3. The Super Badass Hero Whose Super Badass Past is Ridiculously Badass
Tobin Frost in “Safe House” isn’t just a very good former CIA agent, he’s a brilliant former CIA agent. Steven Seagal is never just a really good former shadowy agent, he was one of the best, if not the best. There is always a moment in any action movie where the bad guy (or some doofus) wonders out loud who it is they’re dealing with, leading a third party to scoff at their ignorance, before helpfully informing them (and us) about our hero’s super secret badass past that is so super badass that it borders on being super ridiculous. See, this guy isn’t just really good at his job, he might very well be the best. The exception to this cliche is when you’re dealing with an action movie where the hero is an Everyman. “Die Hard’s” John McClane also bucked this cliche at first, but let’s face it, even John McClane has become something of a supercop since the first movie. “Let me tell you a little something about John McClane, when it comes to dealing with terrorists in a confined space, this guy is the best there is or ever was,” etc.

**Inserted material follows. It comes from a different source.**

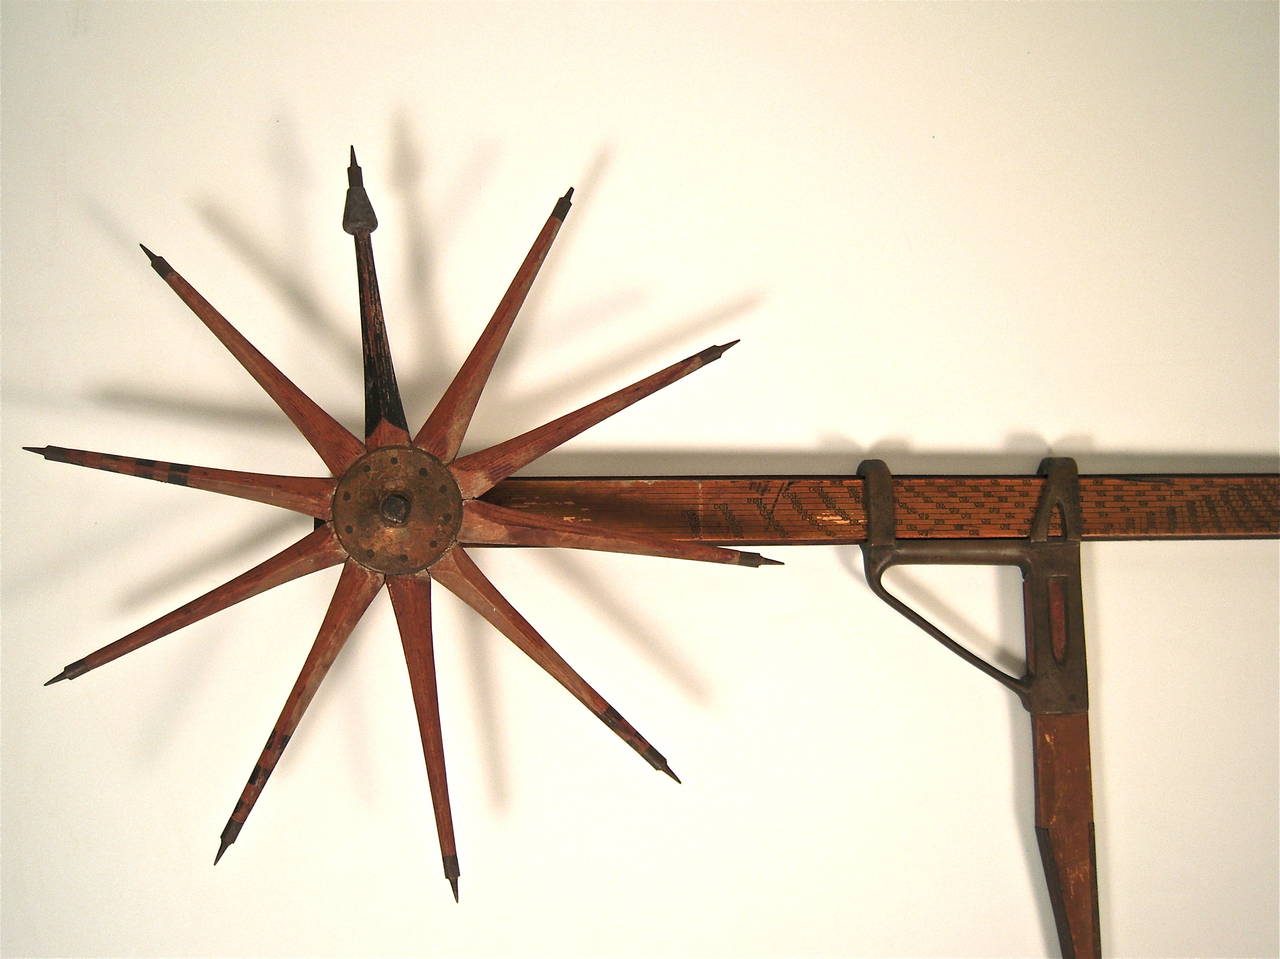 A beautifully made log caliper and rule, with weighted walking wheel and incised  intricately detailed numbered ruler, with  sliding metal gage, made by Florence M. Greenleaf, Littleton, New Hampshire (signed), circa 1916-1922, the wheel possibly
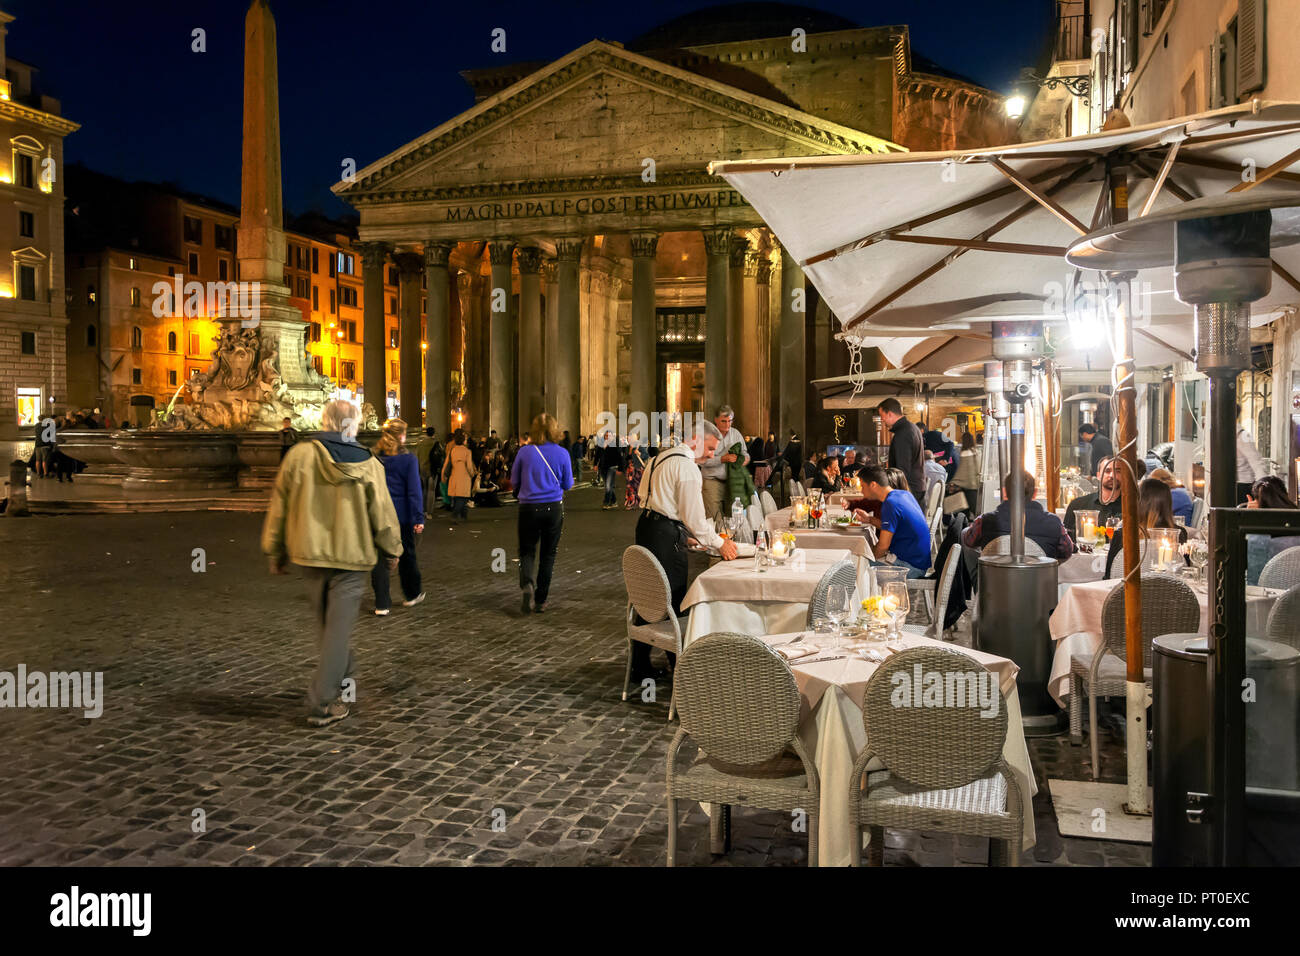 Rome, Italy, march 24, 2017: Pantheon square at night with open restaurants and tourists Stock Photo

4. The Amazingly Super Quiet Silencer
PFFT PFFT! It probably comes as no surprise to you that most Hollywood filmmakers have never actually used guns before. Or even been around real guns, it seems considering all the ridiculous things they have guns doing in their movies. Here’s the truth for you kids out there: silencers/suppressors for guns are NOT THAT QUIET. They don’t produce a soft, barely audible PFFT PFFT! sound when you use them. In fact, they tend to go BANG BANG!. You know, just like when you don’t have silencers attached to your fancy handguns. There is a noticeable difference, sure, between a gun with and without a silencer, but the difference isn’t so dramatic as shown in movies. Sorry to burst your bubble, but having a silencer on your gun won’t turn you into a silent assassin. It will, though, turn you into a slightly quieter (thought not by very much) assassin. Here’s what a real gun with and without a silencer sounds like in real life:
5. The Helpful Local Who is Different From All The Rest
Everyone in the Scott Atkins movie “El Gringo” is a backstabbing, uber violent, gangbanging Mexican except that one hot chick who, for whatever reason, decides to help our hero out. Likewise, everyone in the Mel Gibson prison movie “How I Spent My Summer Vacation” is a vicious Mexican criminal except the spunky kid and his mom who decide, for whatever reason, to show our hero the ropes so he can survive his new surroundings. Most action movies have the subtlety of a sledgehammer when it comes to portraying cultures different from the filmmaker’s. Which is why they tend to compensate by offering up at least one exception to the rule so they can point to and say, “See? We’re not saying all Muslims are terrorists, look at the spunky kid/hot babe helping out our hero!” Obviously one “good” character in a sea of stereotypically “bad” ones doesn’t make action films any less racist/culturally insensitve, but at least they’re, you know, trying. Right? Plus, if she’s a hot babe, that’s just gravy.